- Born: July 26, 1923
- Died: August 22, 1990 (aged 67)
- Engineering career
- Institutions: Collectors Club of New York American Philatelic Society Philatelic Foundation
- Projects: Prize winning collector of stamps, and active in promoting philately
- Awards: APS Hall of Fame

= Lynne S. Warm-Griffiths =

American philatelist

Lynne S. Warm-Griffiths (July 26, 1923 – August 22, 1990), of New Orleans, New York City, and California, was a philatelist who created award-winning collections and helped stamp collecting by participating actively in various philatelic organizations.

==Collecting interests==
Her philatelic collections were specialized and included collections of United States postage stamps used overseas between 1894 and 1904, United States Newspaper stamps, Periodical stamps and First Bureau Issues.
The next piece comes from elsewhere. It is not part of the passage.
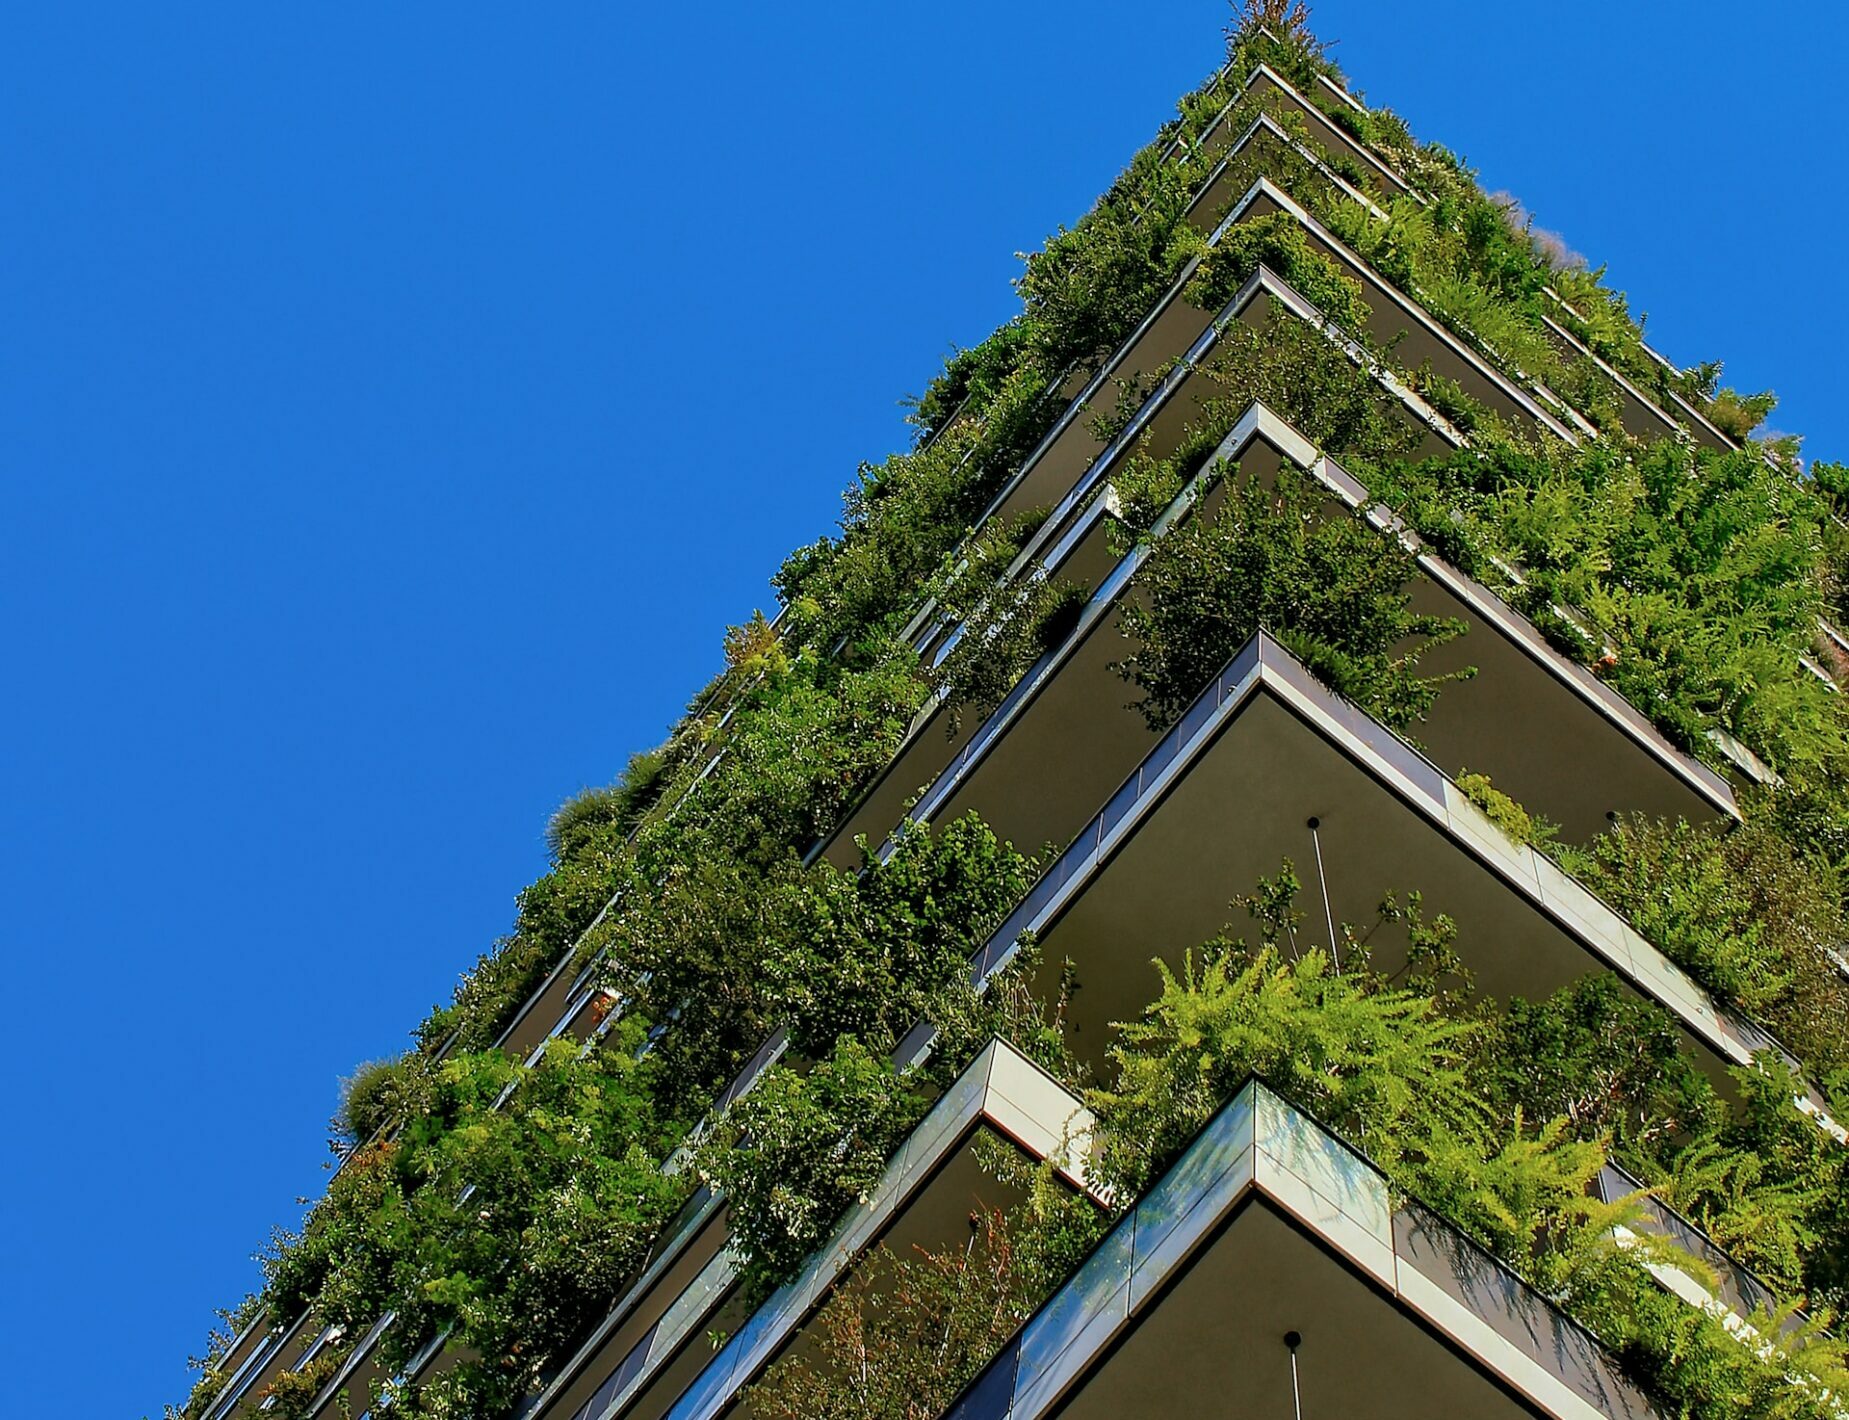 image of 'green housing' a block of flats with flourishing green plants | HCLTech and Schneider Electric

Her collections won awards at major stamp exhibitions.

==Philatelic activity==
Lynne S. Warm-Griffiths was very active within the philatelic community, serving in a number of posts at the Crescent City Stamp Club in New Orleans, at the Collectors Club of New York, and at the Federated Philatelic Clubs of Southern California. In addition, Lynne was active within the American Philatelic Society and at the Philatelic Foundation.

==Honors and awards==
Warm-Griffiths was named to the American Philatelic Society Hall of Fame in 1991.